22. A process for producing decorative sheets as claimed in claim 21 in which the thermosetting resin of radical addition polymerization type is at least one resin selected from the group consisting of diallyl phthalate resin and unsaturated polyester resins.

23. A process for producing decorative sheets as claimed in claim 21 in which the vehicle resin in the ink comprises a thermosetting resin of condensation type.

24. A process for producing decorative sheets as claimed in claim 23 in which the thermosetting resin is a resin selected from the group consisting of melamine resins, urea resins, silicone resins, phenolic resins, and epoxy resins.

25. A process for producing decorative sheets as claimed in claim 21 in which the curing inhibitor in the ink is a radical addition polymerization inhibitor.

26. A process for producing decorative sheets as claimed in claim 25 in which the curing inhibitor is a member selected from the group consisting of p-benzoquinone, naphthoquinone, hydroquinone, methoquinone, methylhydroquinone, p-tert-butyl catechol, ditertiary butyl paracresol, hydroquinone monomethyl ether, copper naphthenate, phenylhydrazine hydrochloride, and trimethylbenzylammonium chloride.

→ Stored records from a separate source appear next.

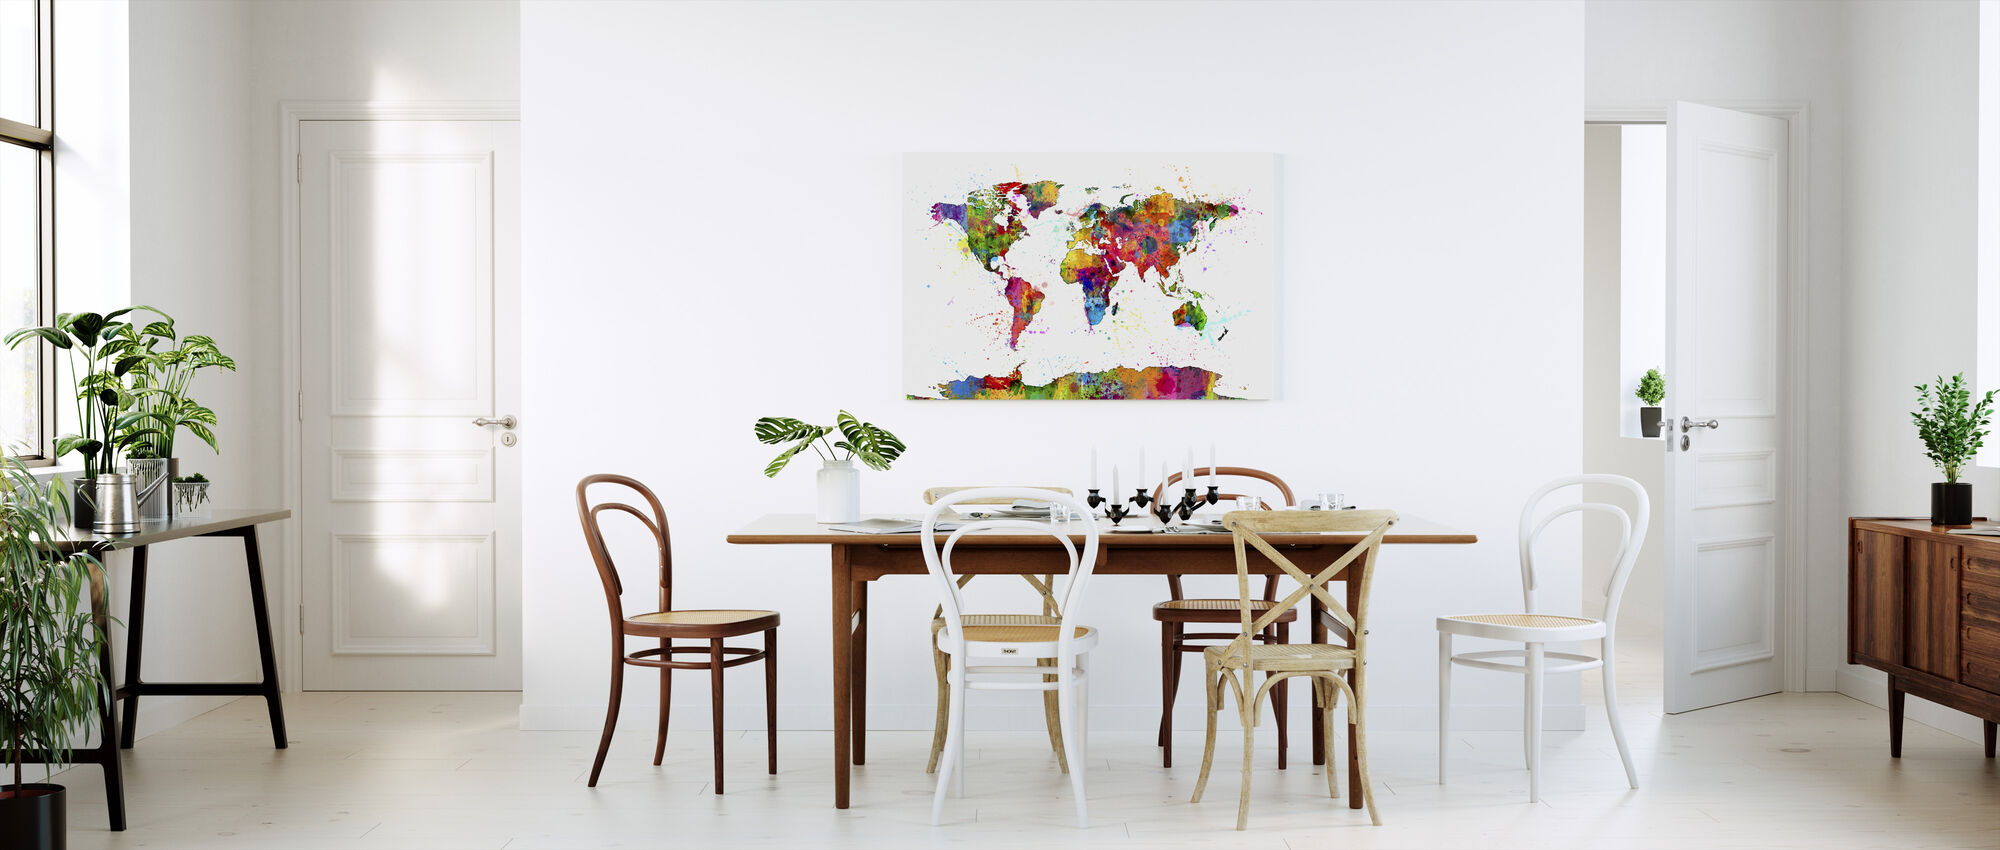 Paint Splashes Map 2 - Canvas print - Kitchen
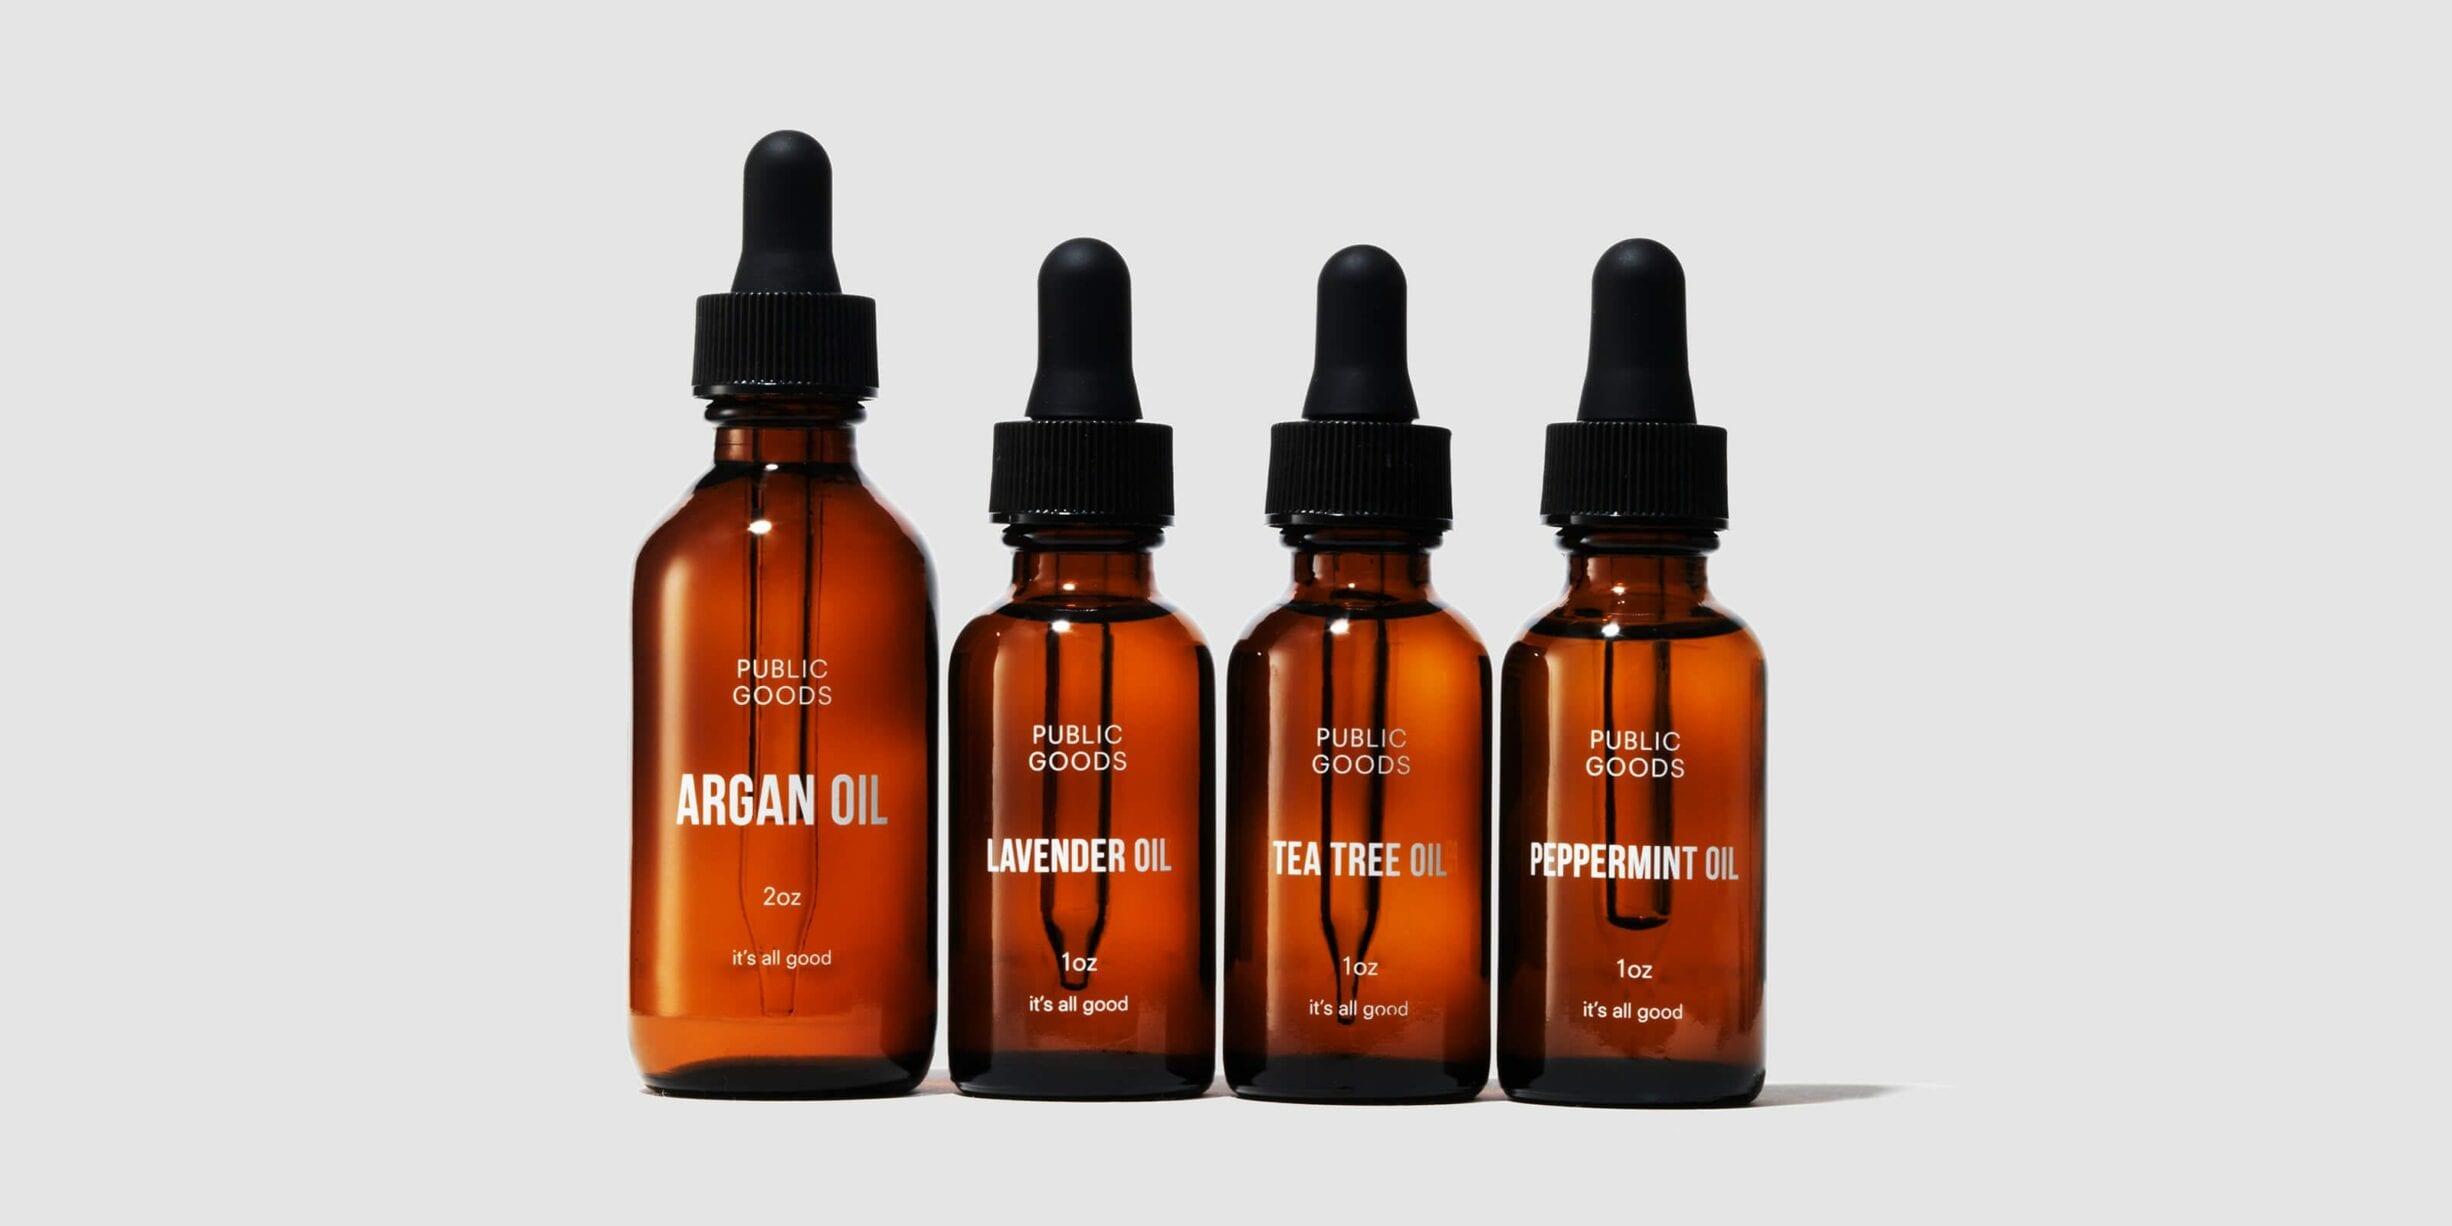 public goods essential oil bottles, droppers
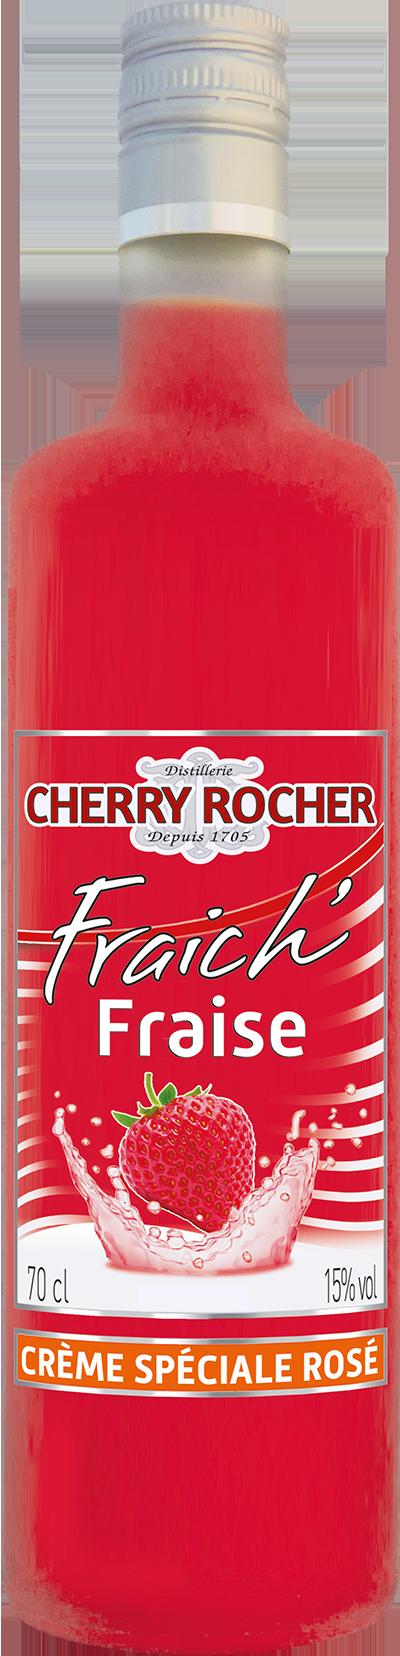 Fraich' Strawberry - Cherry Rocher
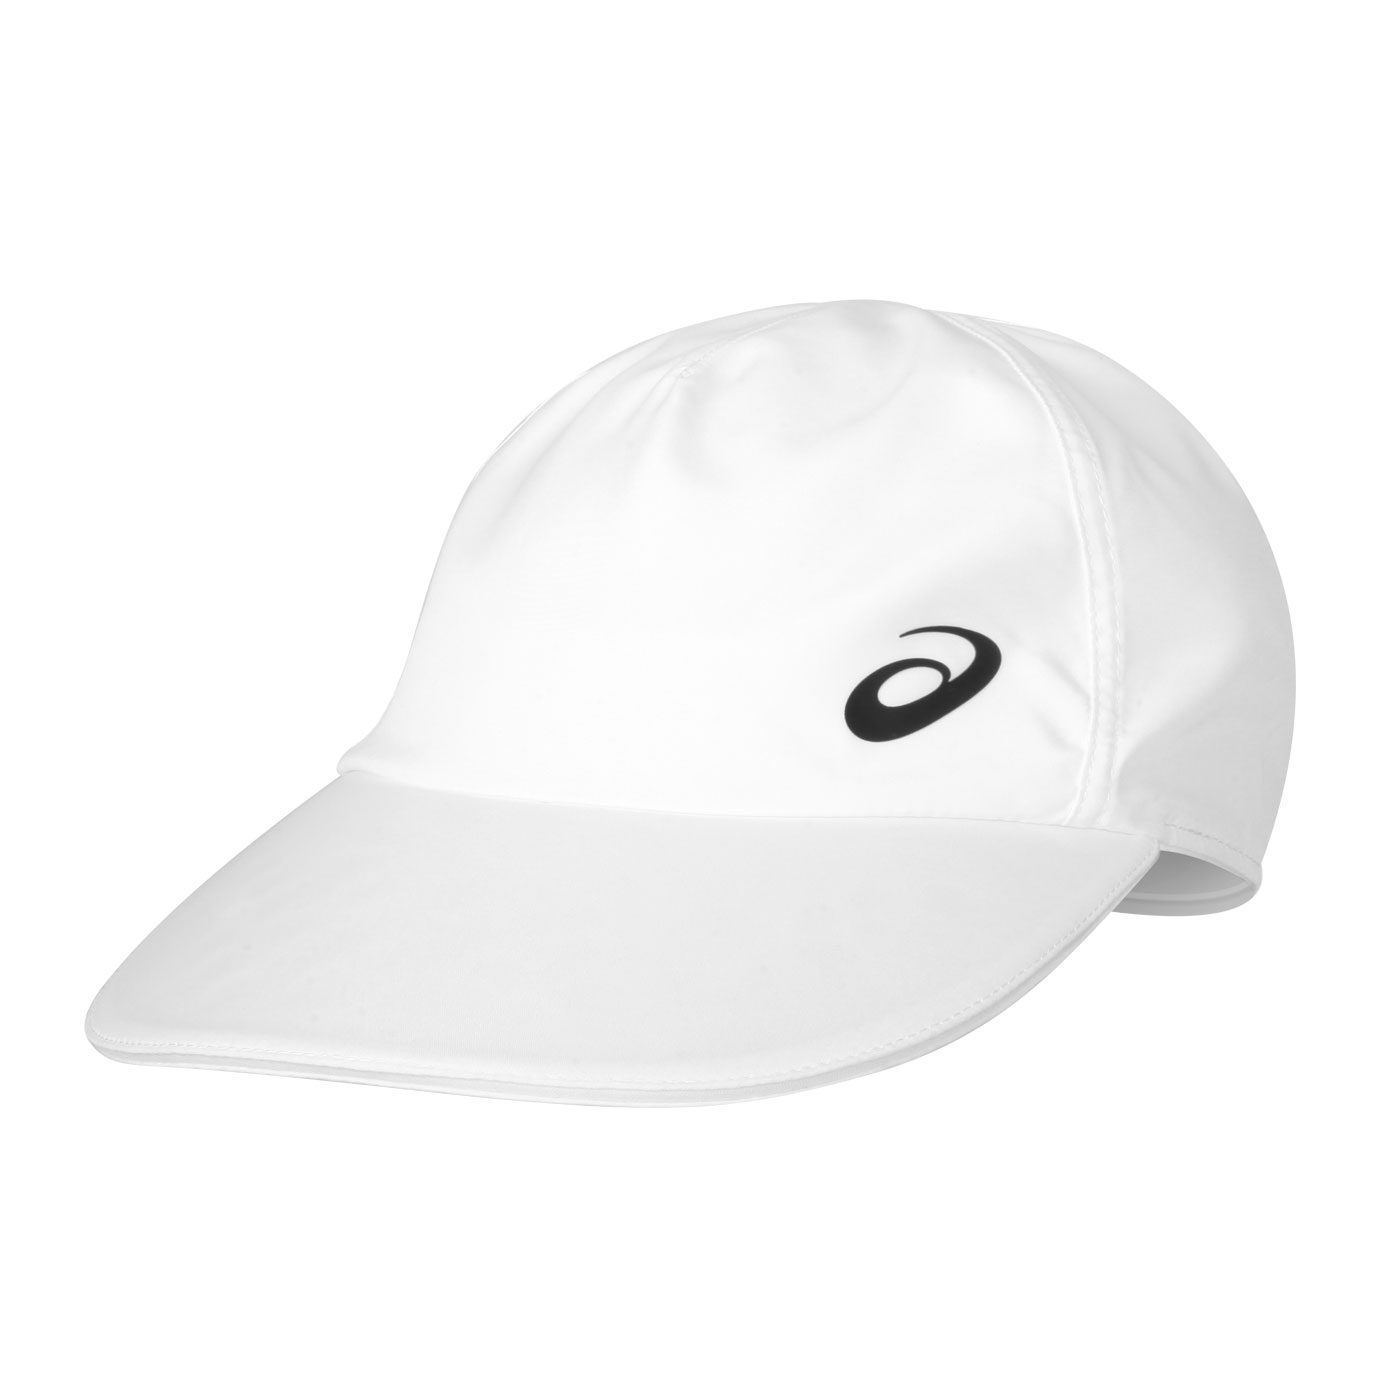 ASICS 平織帽 3043A048-101 - 白黑
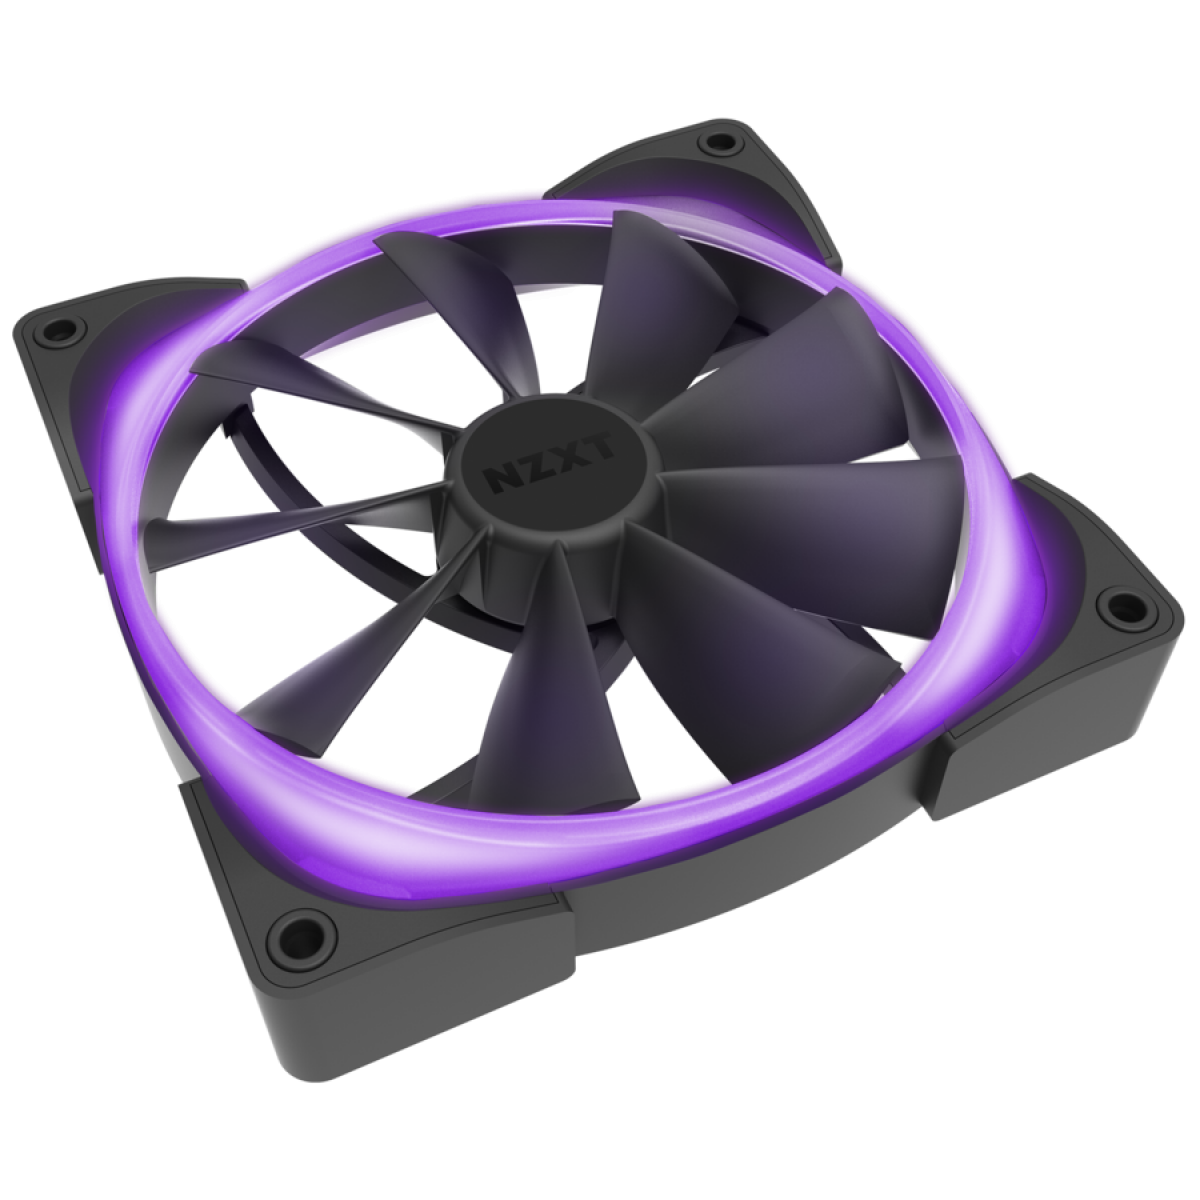 Kit Controlador de Iluminação Led  HUE2 + 2 Fan 120mm Led RGB NZXT, HF-2812C-D1

27. A process for producing decorative sheets as claimed in claim 21 which further comprises, after process step (5), a process step of irradiating the decorative outer surface having concavities with radiation rays selected from ultraviolet rays and electron beams thereby to cause the thermosetting resin at the peripheries of the concavities to be fully cured.

28. A process for producing decorative sheets as claimed in claim 27 in which the decorative outer surface is thus irradiated in an inert gas atmosphere.

29. A process for producing decorative sheets as claimed in claim 27 in which the decorative outer surface is thus irradiated in a state wherein it is covered by an intimately adhering film which transmits the radiation rays but shields out air.

30. A process for producing decorative sheets as claimed in claim 27 in which an ultraviolet-ray sensitizer is added beforehand to the thermosetting resin for impregnation, and the decorative outer surface is irradiated with ultraviolet rays as the radiation rays.

31. A process for producing decorative sheets as claimed in claim 27 in which ultraviolet rays are used as the radiation rays, and the decorative outer surface is heated after process step (5) and prior to the irradiation with ultraviolet rays.

32. A process for producing decorative sheets as claimed in claim 31 in which the decorative outer surface is heated by irradiation thereof with infrared rays.